Правда, этот стареющий якобит и хороший командир его гренадеров утомлял вскоре же однообразием своих размышлений и бесплодных мечтательств. Государь знал, что все слова графа будут немного старомодны, причудливы и несбыточны, но, как бывало и прежде, оставят в душе приятный след тех мечтаний, которые не сбываются, а если и сбудутся, то в иные, отдаленные времена, сами собой, когда и Россия, и человечество сойдутся под один гармонический купол света и, может быть, станут прекрасной республикой графа-мечтателя. Государь услышал мягкие ровные шаги в другой зале, за белой дверью с дикторскими пучками.

Он вложил английскую Библию в футляр блестящей кожи, застегнул серебряную плоскую пуговицу мундира, но тут же отстегнул ее и еще одну, у белого галстуха: старый друг должен видеть, что его принимают запросто, по-домашнему.

Граф Строганов в гренадерском мундире, в ленте и орденах, тяжелый, звенящий, внезапно погасил солнце на паркете. Он был необычаен в своем параде, и тугой воротник, шитый лаврами, заметно давил ему двойной подбородок.

Государь приветливо сощурился и протянул обе руки:

– Сердечно рад тебя видеть, Павел Александрович. Твоя потеря мое искреннее горе.

Ясный звук слышался в голосе Александра. Строганов слегка отвернулся, его щека потряслась.

– Мой сын честно послужил отечеству, победам…

Крепко, чуть дергая к себе, государь пожимал его руку.

– Прошу прощения Вашего Величества, что в сем горестном состоянии…

– Полно, Павел, послушай, к чему сие вы, и парад, и регалии?

Он взял графа под локоть и повел к окну.

Оба стали к свету лицом: государь, статный, в белом, и Строганов, тоже высокий, но грузный, в темном мундире. Может быть, мягкой линией обритых губ, или лысыми лбами, или глазами, с одинаково дрожащими от солнца ресницами, но они были похожи друг на друга. Граф Павел стал у окна, как тень Александра.

– Ты постарел. Ты весьма постарел, бедный Павел. Государь грустно и кротко покачал головой.

– Был бы ты молод, – ответил Строганов. – А ты все тот же. Ты воистину прекрасен, государь.

– Полно, полно, какое…

Государь улыбнулся, похлопал Строганова ладонью по талии.
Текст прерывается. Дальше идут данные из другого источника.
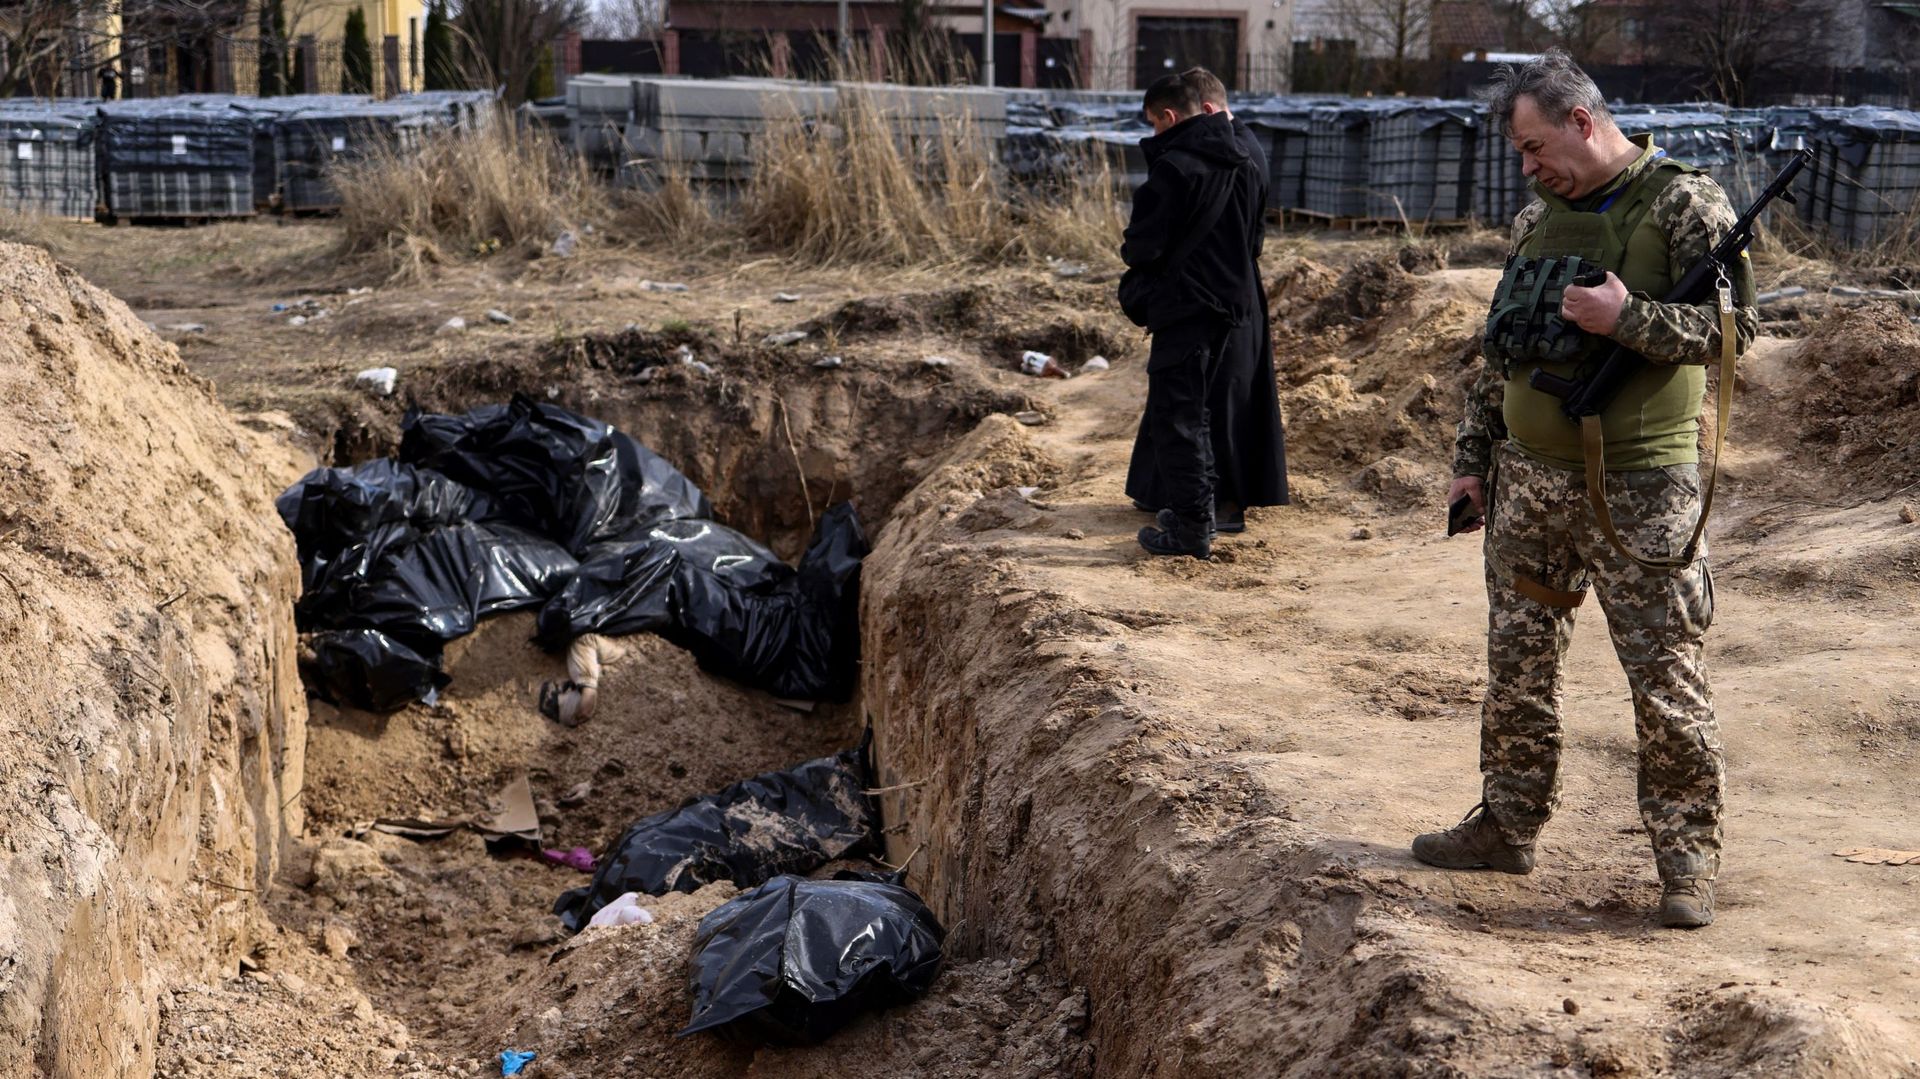 Un soldat ukrainien regarde des sacs mortuaires tandis que des prêtres prient devant une fosse commune dans les environs de l’église Saint-André à Bucha, le 7 avril 2022, dans le cadre de l’invasion militaire lancée par la Russie en Ukraine.
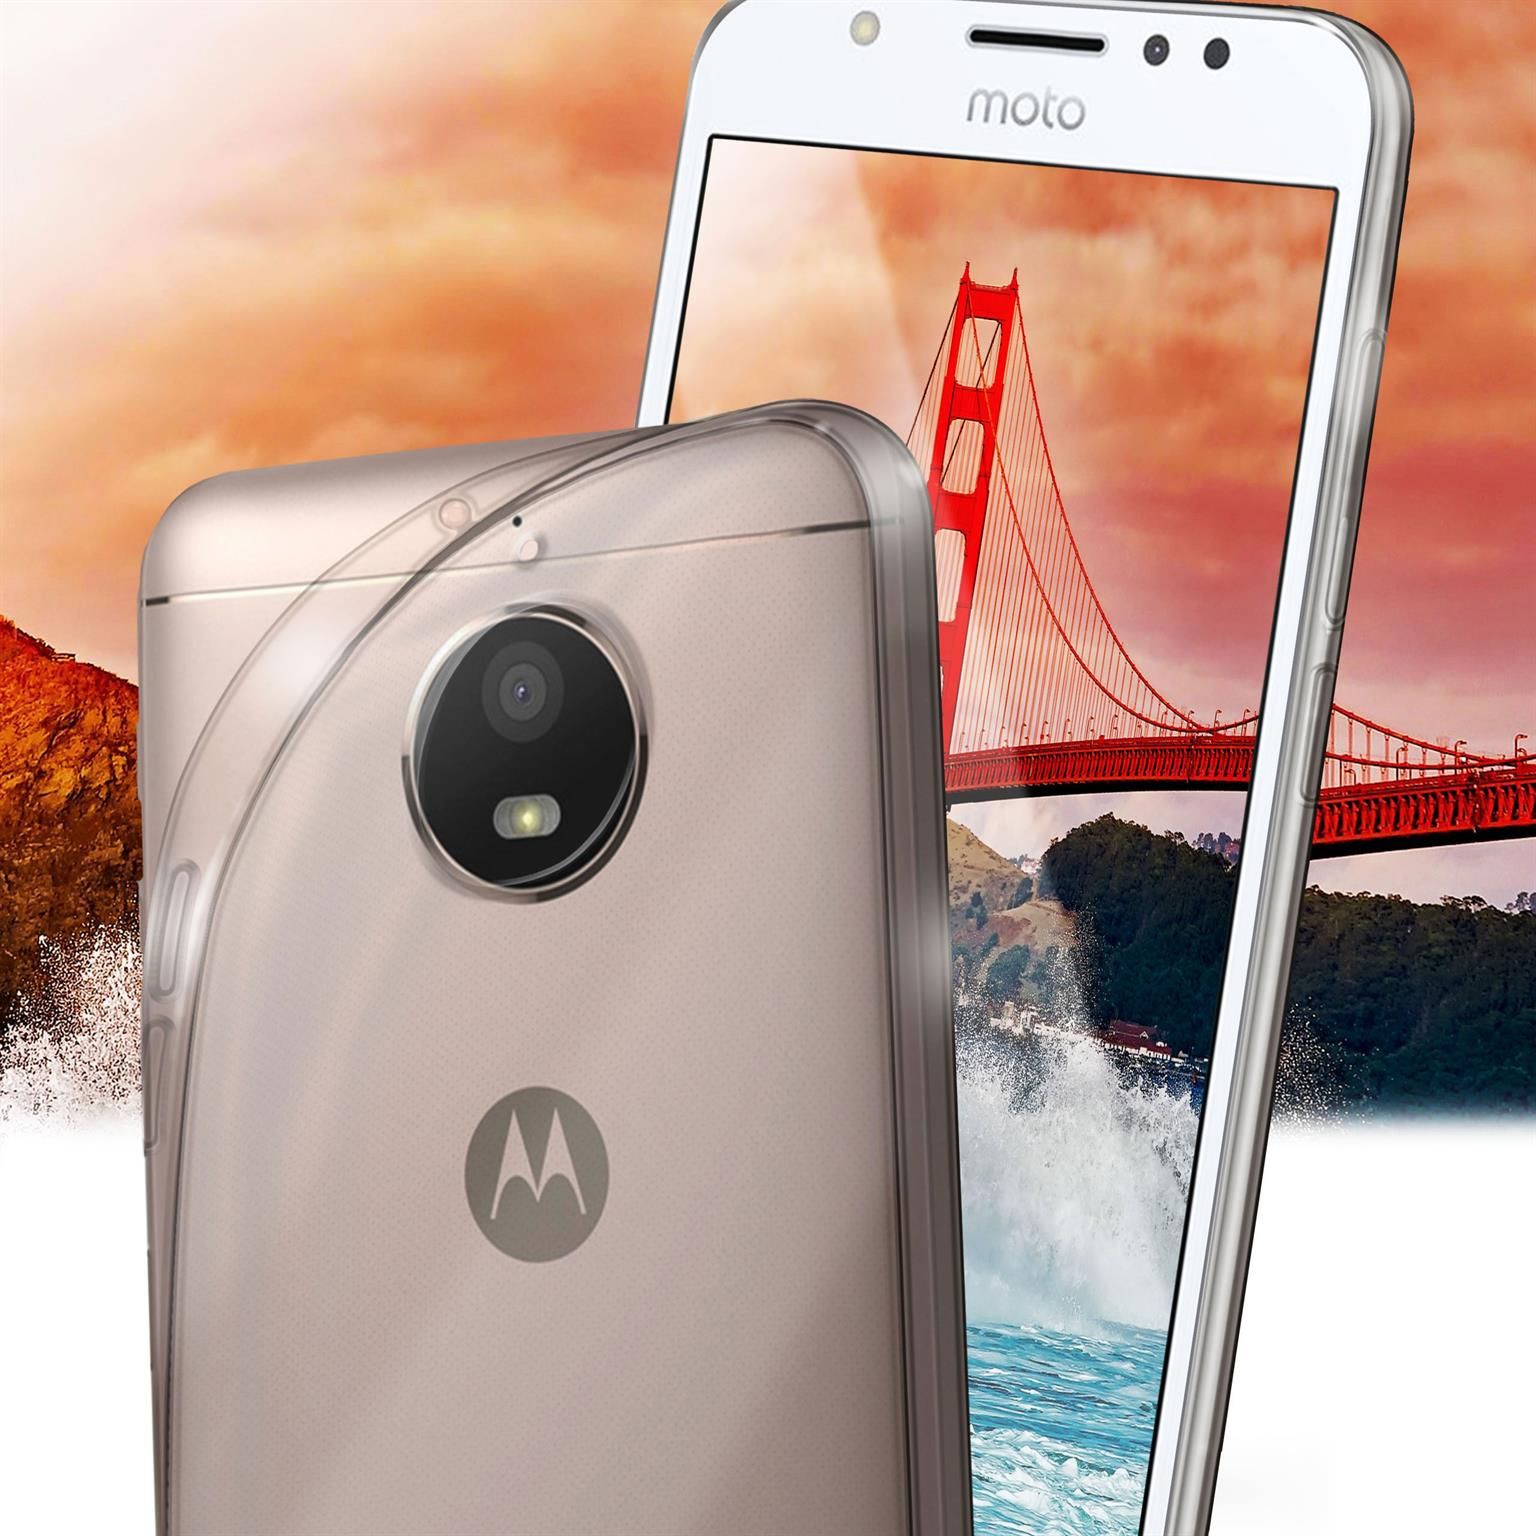 Backcover, MOEX Case, Moto E4, Crystal-Clear Aero Motorola,

От искренних слов его лоб слегка покраснел.

– А ты, Павел, ты давно не навещал старого друга…

– Токмо обычай священной дружбы, кою изволил помянуть, понудил беспокоить тебя… Немного мыслей, размышлений, кои долгом почел отдать на внимание твое пред отъездом в Россию.

Покойный глуховатый голос, и эти «кои», обещающие многие речи, как и прежде, в годы дружбы, слегка затомили государя. Он обнял Строганова за талию.

– Прошу, мой друг, садись… Ты знаешь, как я люблю слушать речи твои, смирный Дантон российский.

– Благодарствую, государь.

Строганов почувствовал скрытый холод в последних словах Александра и высвободил талию едва заметным движением.

– А каков нынче день… Прелесть, солнце, – рассеянно щурясь, сказал Александр.

Он сидел в креслах, закинув ногу на ногу, и чуть покачивал острым носком башмака.